[What is needed]
Take the listing below and print exactly the lines starting at the line containing "Vignette d'un couloir" and ending at the line containing "Privileged altar, Church", both ends included, and no others.

[The records]

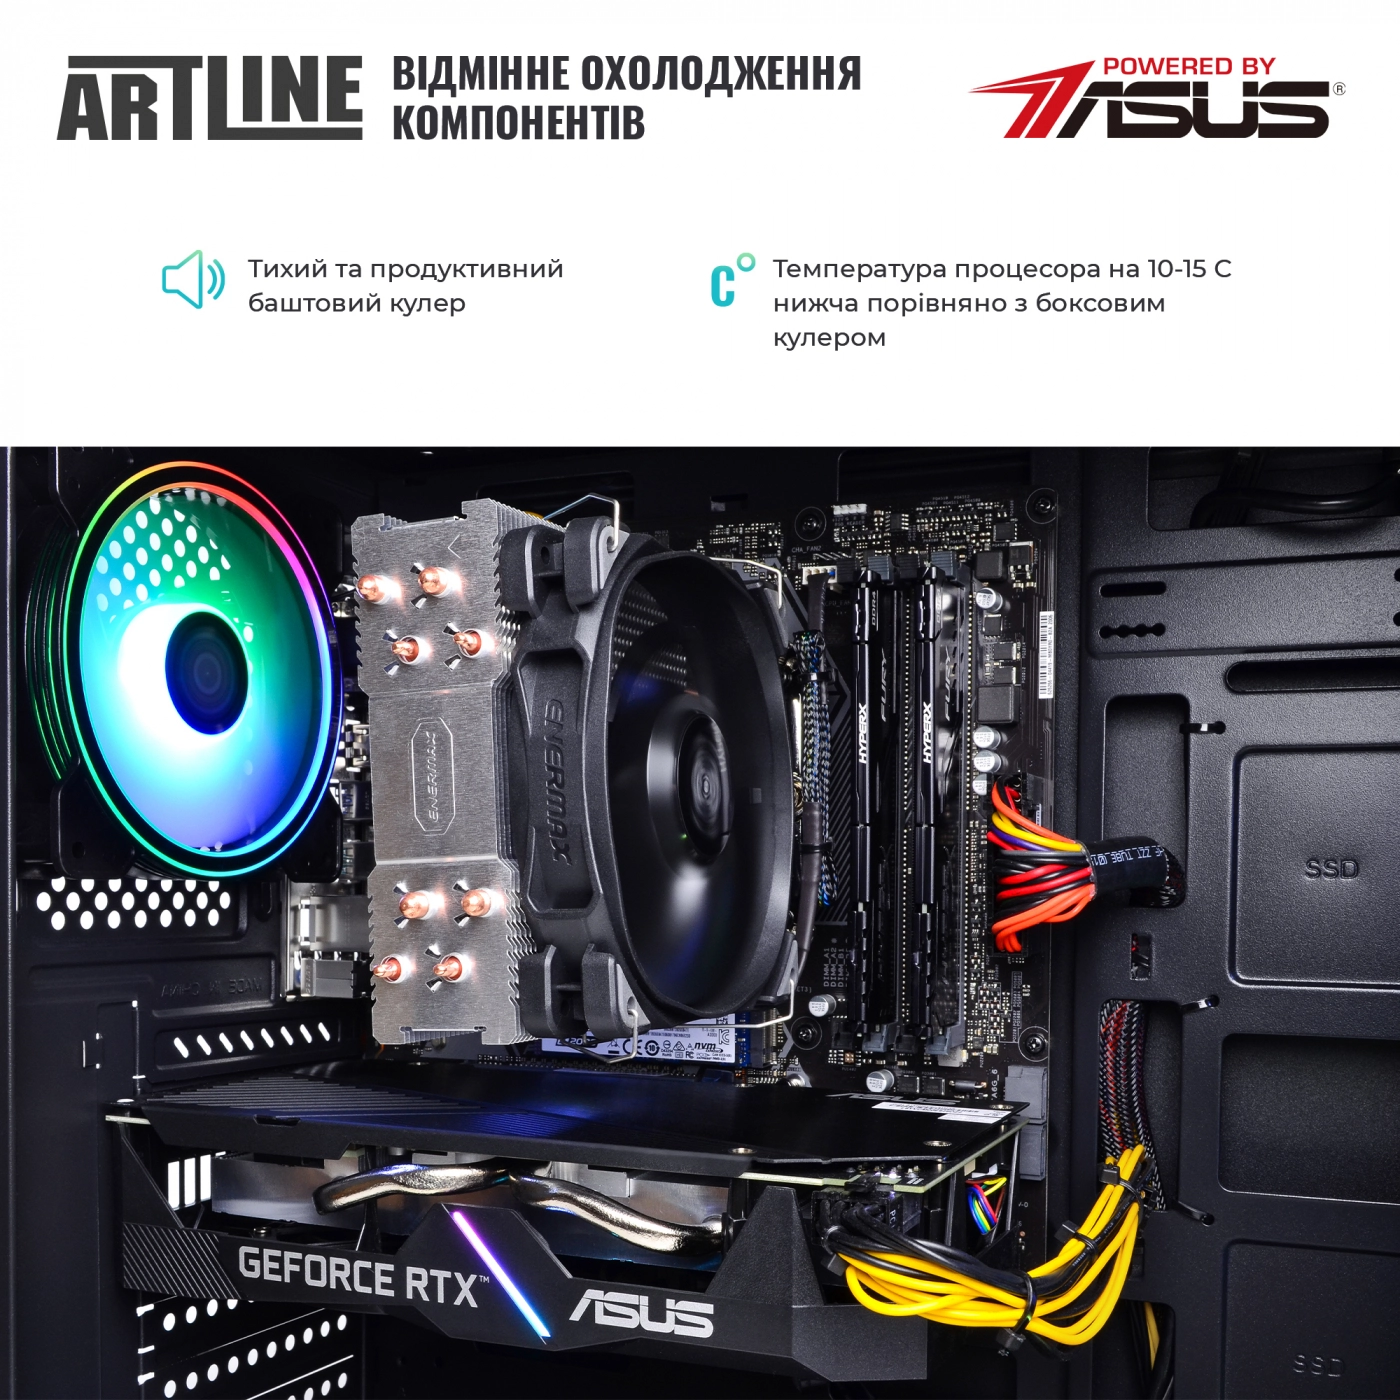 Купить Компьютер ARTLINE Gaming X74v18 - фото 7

* * *

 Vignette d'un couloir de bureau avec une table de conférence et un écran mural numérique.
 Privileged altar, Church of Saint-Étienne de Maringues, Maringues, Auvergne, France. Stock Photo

--

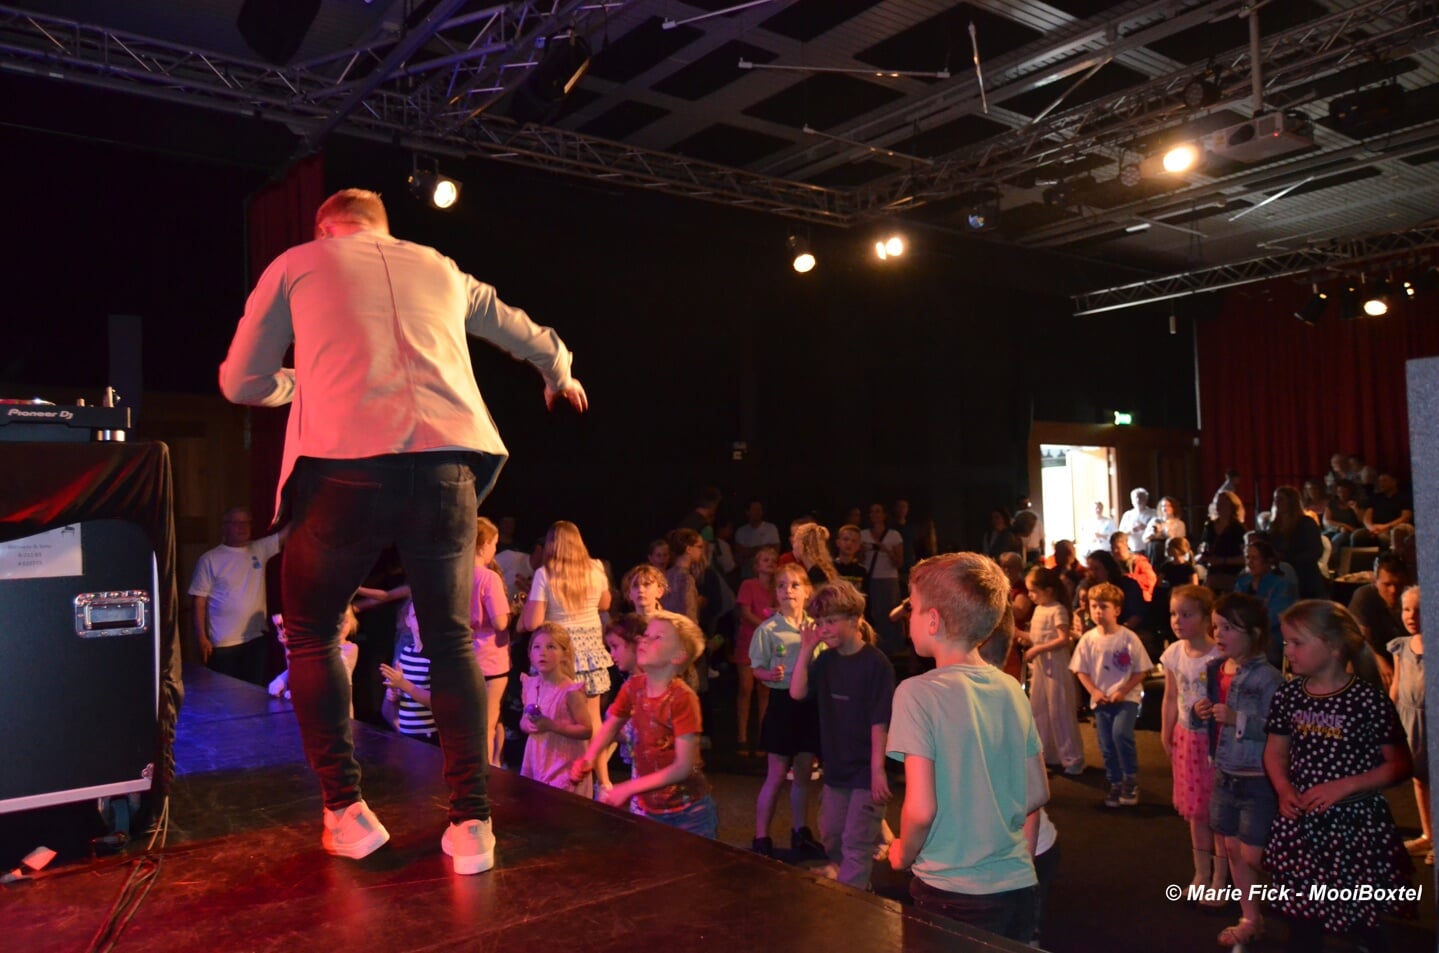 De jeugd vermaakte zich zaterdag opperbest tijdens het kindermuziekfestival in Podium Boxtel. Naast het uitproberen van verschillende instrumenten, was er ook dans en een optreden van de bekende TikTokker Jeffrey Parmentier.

[The answer]
 Vignette d'un couloir de bureau avec une table de conférence et un écran mural numérique.
 Privileged altar, Church of Saint-Étienne de Maringues, Maringues, Auvergne, France. Stock Photo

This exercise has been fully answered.